Editing your vocabulary object

The Nephosem module includes a Vocab class based on a dictionary, where the keys are the lemmas (in whatever unit you have decided) and the values, their frequencies in a corpus. It is one of the first things to be computed. In these examples, myvocab will stand for an instance of the Vocab class.

[1]:
import sys
nephosemdir = "../../nephosem/"
sys.path.append(nephosemdir)
mydir = f"./"
from nephosem import ConfigLoader, Vocab
conf = ConfigLoader()
settings = conf.update_config('config.ini')

Get a Vocab

You can load an existing Vocab with the .load() method, which is paired with a .save() method.

[2]:
myvocab = Vocab.load('output/Toy.nfreq')
myvocab
# myvocab.save('output/Toy.nfreq')
[2]:
[('the/D', 53),('boy/N', 25),('eat/V', 22) ... ('ten/C', 1),('ask/V', 1),('about/I', 1)]

You can inspect your vocab with myvocab.describe(), but also len(myvocab) will return the number of types, while myvocab.sum() will show the number of tokens.

[3]:
print(myvocab.describe())
Total items: 55
Total freqs: 264
count  55.000000
mean    4.800000
std     8.722895
min     1.000000
25%     1.000000
50%     1.000000
75%     4.000000
max    53.000000
[4]:
len(myvocab)
[4]:
55
[5]:
myvocab.sum()
[5]:
264

Filtering

You can filter a vocabulary with a frequency threshold (e.g. 10) like so:

[6]:
over10 = myvocab[myvocab.freq > 10]
over10
[6]:
[('the/D', 53),('boy/N', 25),('girl/N', 21),('eat/V', 22),('apple/N', 21),('be/V', 11)]
[7]:
top3 = myvocab[:3]
top3
[7]:
[('the/D', 53),('boy/N', 25),('eat/V', 22)]

You can also use regular expressions on names of the items to filter your vocabulary:

[8]:
nouns = myvocab[myvocab.match('item', '^..+/N.*')]
nouns
[8]:
[('boy/N', 25),('girl/N', 21),('apple/N', 21),('baby/N', 2),('food/N', 4),('house/N', 1),('year/N', 3)]

If you have a list of items, as you could receive from myvocab.get_item_list(), you can use it to get a subset with myvocab.subvocab(list_of_items).
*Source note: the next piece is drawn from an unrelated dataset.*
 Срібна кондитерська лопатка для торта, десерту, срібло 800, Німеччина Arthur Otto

If one of the items is not present in the vocabulary, it will be included in the subset, with frequency 0.

[9]:
myvocab.subvocab(['boy/N', 'girl/N', 'vector/N'])
[9]:
[('boy/N', 25),('girl/N', 21),('vector/N', 0)]
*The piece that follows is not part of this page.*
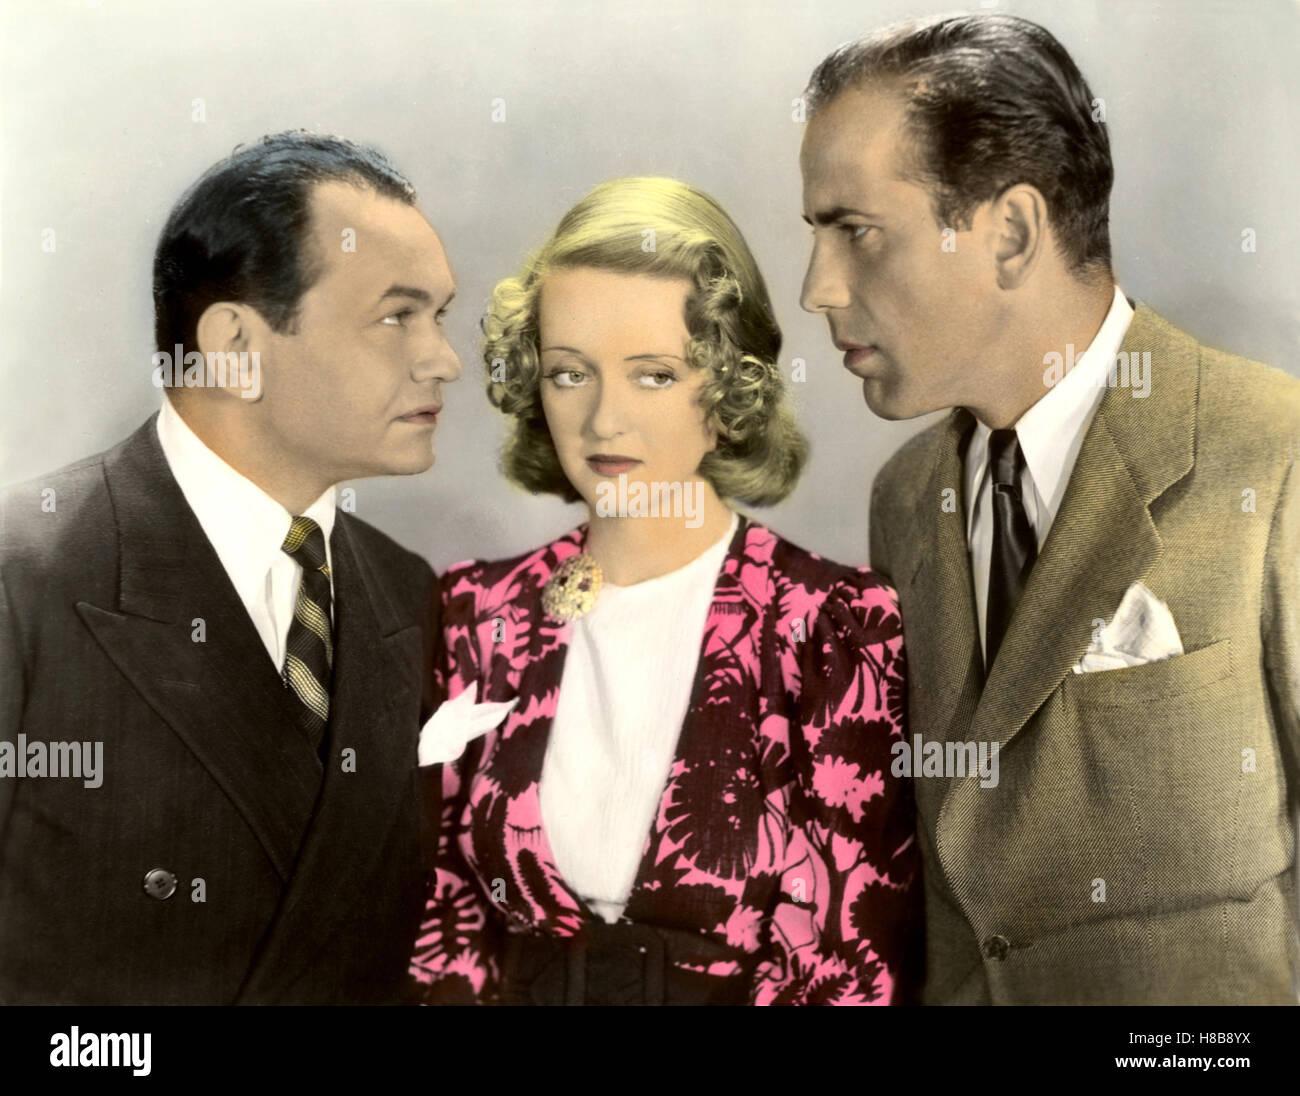 Mit harten Fäusten, (KID GALAHAD) USA 1937  s/w, Regie: Michael Curtiz, EDWARD G. ROBINSON, BETTE DAVIS, , - Stock Image

If you feel comfortable manipulating Pandas dataframe, you can transform the vocabulary list into a dataframe with myvocab.dataframe and then feed the output back to Vocab() to turn it into a Vocab object again.

[10]:
vocab_df = myvocab.dataframe
vocab_df.head()
[10]:
item freq
0 the/D 53
1 boy/N 25
2 eat/V 22
3 apple/N 21
4 girl/N 21
[11]:
Vocab(vocab_df)
[11]:
[('the/D', 53),('boy/N', 25),('eat/V', 22) ... ('very/R', 1),('which/W', 1),('without/I', 1)]

Dictionaries and lists

Even though the Vocab class is based on a dictionary, it is possible to slice it with indices based on a descending-frequency order: myvocab['word'] will return the ‘word’ item in the vocabulary, and myvocab[3:5] will return the third and fourth most frequent items.
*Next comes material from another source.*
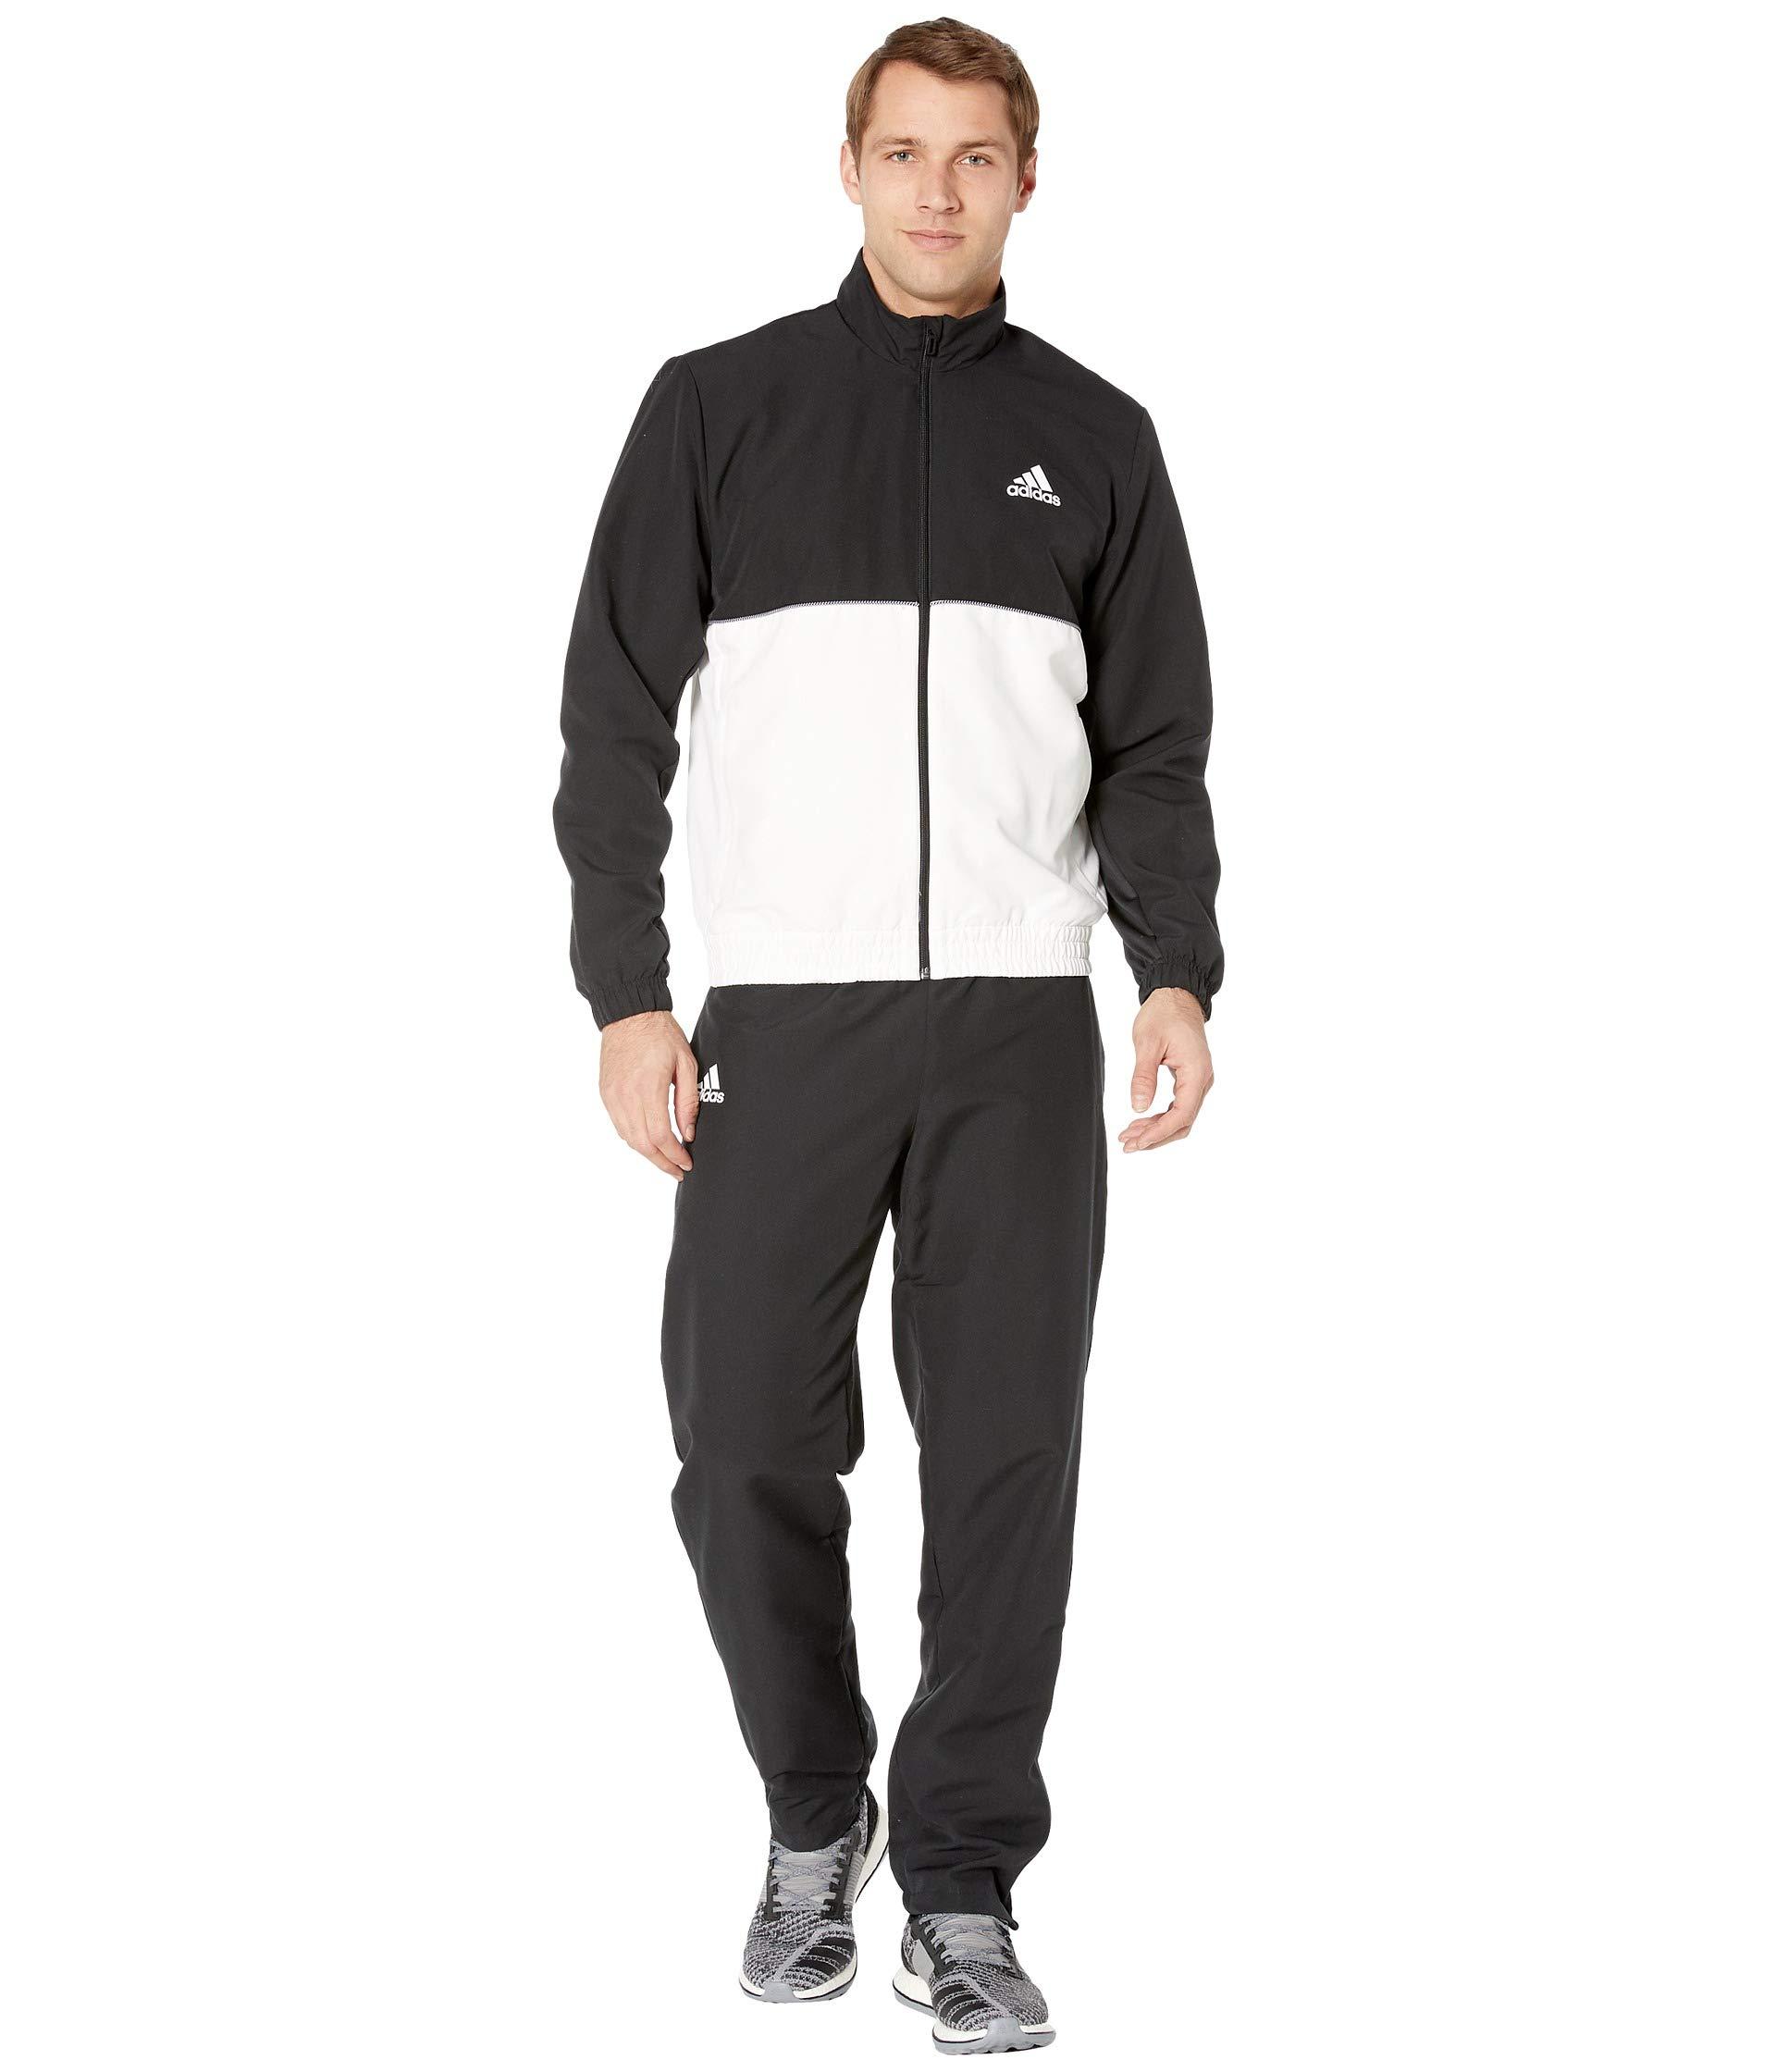 adidas Club Tracksuit Black/White LG by adidas

However, when you obtain the list of items with myvocab.get_item_list(), by default they are sorted in ascending alphabetical order:

[12]:
myvocab[3:5].get_item_list()
[12]:
['apple/N', 'girl/N']
[13]:
myvocab.get_item_list()[3:5]
[13]:
['about/I', 'about/R']

If you want to obtain the item list in descending frequency order, you must specify different values for the arguments of the get_item_list() method:

[14]:
myvocab.get_item_list(sorting = 'freq', descending=True)[3:5]
[14]:
['apple/N', 'girl/N']

Finally, remember that selecting from a dictionary is much more efficient than selecting from a list. For example, if you want to identify the items in list A that are present in myvocab, the comprehension list [x for x in A if x in myvocab] is faster than [x for x in A if x in myvocab.get_item_list()] (especially if the vocabulary is very large).